76 On the assumption that ‘exceptions to rights conferred’ could be regarded as encompassing not only exclusions of rights but also limitations on those rights, it should be pointed out that an interpretation of Article 9 of the Directive limiting the protection it confers to situations in which the patented product performs its function does not appear to conflict unreasonably with a normal exploitation of the patent and does not ‘unreasonably prejudice the legitimate interests of the patent owner, taking account of the legitimate interests of third parties’, within the meaning of Article 30 of the TRIPS Agreement.

77 The answer to the fourth question is therefore that Articles 27 and 30 of the TRIPS Agreement do not affect the interpretation given of Article 9 of the Directive.

Costs

78 Since these proceedings are, for the parties to the main proceedings, a step in the action pending before the national court, the decision on costs is a matter for that court. Costs incurred in submitting observations to the Court, other than the costs of those parties, are not recoverable.

On those grounds, the Court (Grand Chamber) hereby rules:

1. Article 9 of Directive 98/44/EC of the European Parliament and of the Council of 6 July 1998 on the legal protection of biotechnological inventions is to be interpreted as not conferring patent right protection in circumstances such as those of the case in the main proceedings, in which the patented product is contained in the soy meal, where it does not perform the function for which it is patented, but did perform that function previously in the soy plant, of which the meal is a processed product, or would possibly again be able to perform that function after it had been extracted from the soy meal and inserted into the cell of a living organism.

2. Article 9 of the Directive effects an exhaustive harmonisation of the protection it confers, with the result that it precludes the national patent legislation from offering absolute protection to the patented product as such, regardless of whether it performs its function in the material containing it.

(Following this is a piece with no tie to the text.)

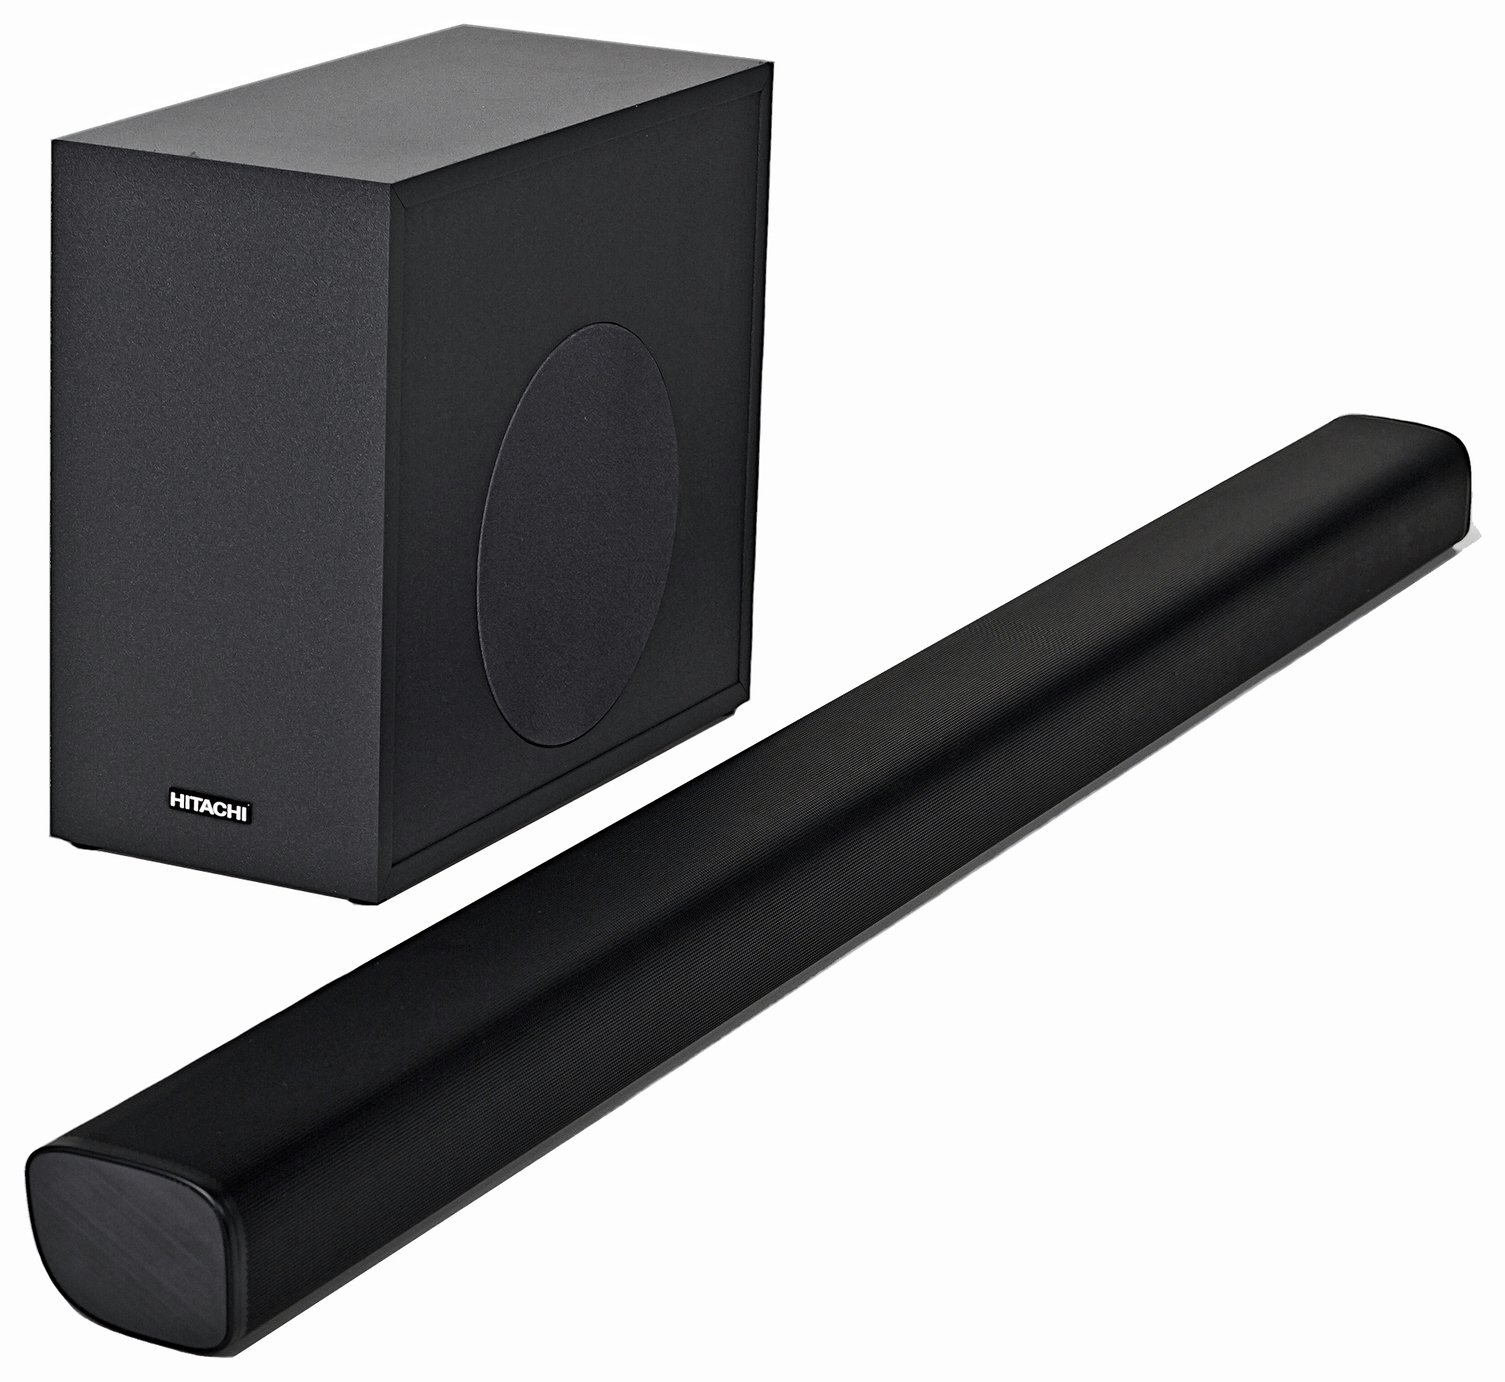 Hitachi 240W 2.1Ch Sound Bar with Wireless Subwoofer review

3. Article 9 of the Directive precludes the holder of a patent issued prior to the adoption of that directive from relying on the absolute protection for the patented product accorded to it under the national legislation then applicable.

4. Articles 27 and 30 of the Agreement on Trade-Related Aspects of Intellectual Property Rights, constituting Annex 1C to the Agreement establishing the World Trade Organisation (WTO), signed at Marrakesh on 15 April 1994 and approved by Council Decision 94/800/EC of 22 December 1994 concerning the conclusion on behalf of the European Community, as regards matters within its competence, of the agreements reached in the Uruguay Round multilateral negotiations (1986-1994) do not affect the interpretation given of Article 9 of the Directive.